2

My regex is something like this **(A)(([+-]\d{1,2}[YMD])*)** which is matching as expected like A+3M, A-3Y+5M+3D etc..

But I want to capture all the groups of this sub pattern**([+-]\d{1,2}[YMD])*** For the following example A-3M+2D, I can see only 4 groups. A-3M+2D (group 0), A(group 1), -3M+2D (group 2), +2D (group 3)

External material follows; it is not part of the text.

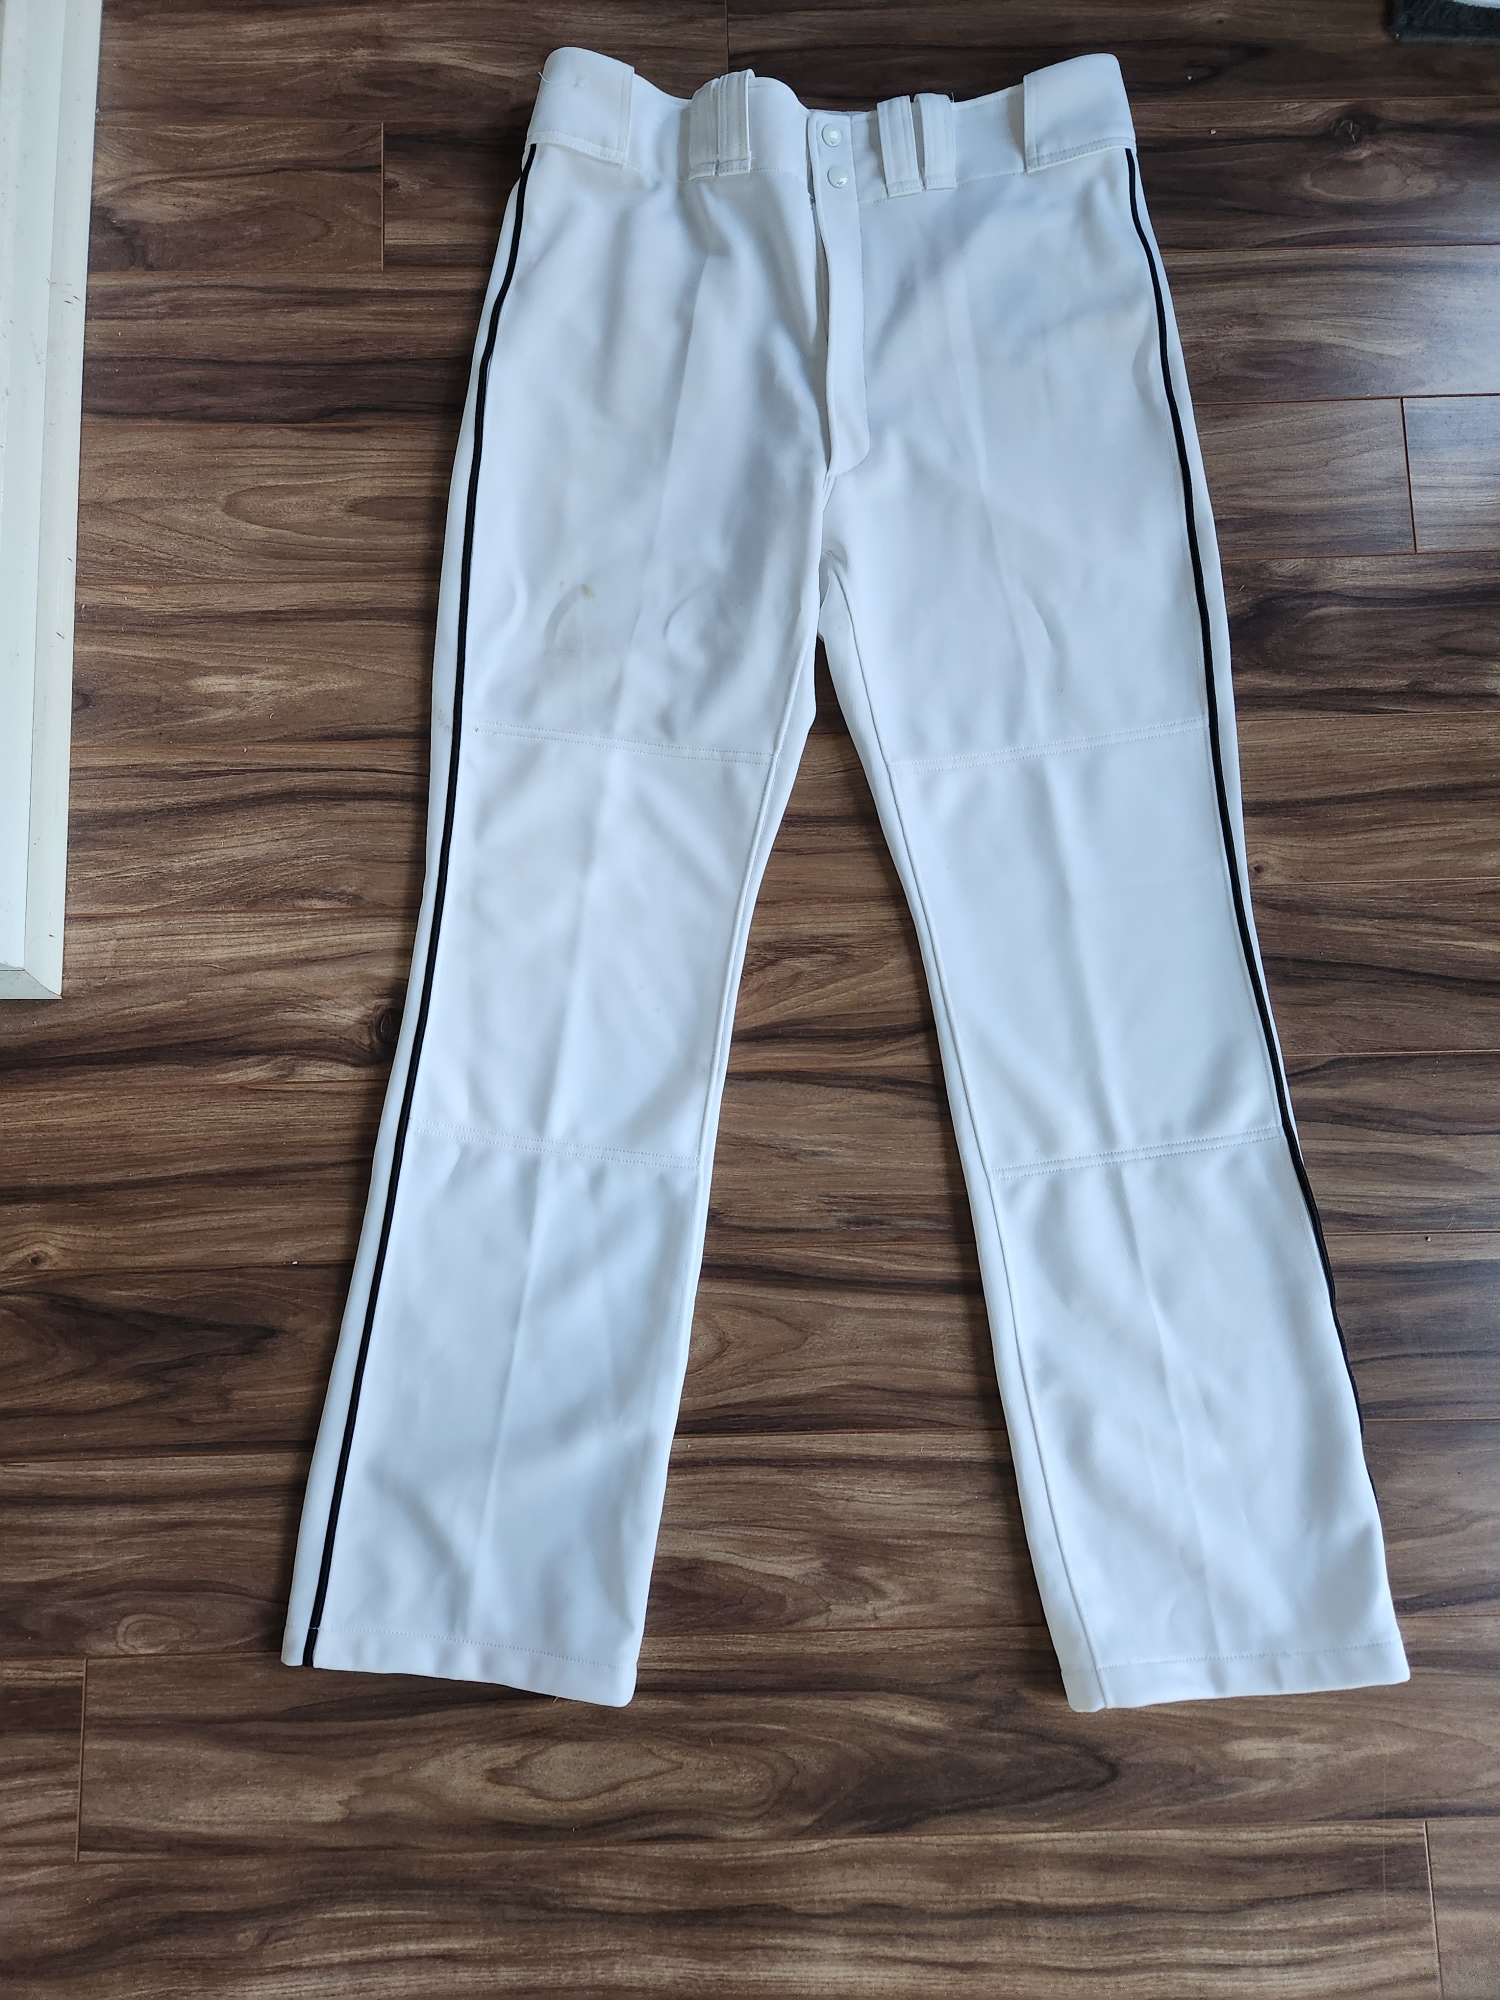 White Adult Men's Used XL Mizuno Game Pants

Is there a way I can get the **-3M** as a separate group?

Wiktor Stribiżew
  • 607,720
  • 39
  • 448
  • 563
nantitv
  • 3,539
  • 4
  • 38
  • 61
  • 1
    It is not a recursive pattern, it is a pattern with a *repeated capturing group*. What is your programming language? See also [How to capture multiple repeated groups?](https://stackoverflow.com/questions/37003623/how-to-capture-multiple-repeated-groups) – Wiktor Stribiżew Apr 06 '20 at 11:16
  • Corrected it. `It's kotlin – nantitv Apr 06 '20 at 11:27
  • Marcin, please do not remove the `kotlin` tag, this is a Kotlin related question, as confirmed by OP. As the [regex tag info](http://stackoverflow.com/tags/regex/info) states, all questions with this tag should also include a tag specifying the applicable programming language or tool. – Wiktor Stribiżew Apr 06 '20 at 12:09

1 Answers1

1

Repeated capturing groups usually capture only the last iteration. This is true for Kotlin, as well as Java, as the languages do not have any method that would keep track of each capturing group stack.

What you may do as a workaround, is to first validate the whole string against a certain pattern the string should match, and then either extract or split the string into parts.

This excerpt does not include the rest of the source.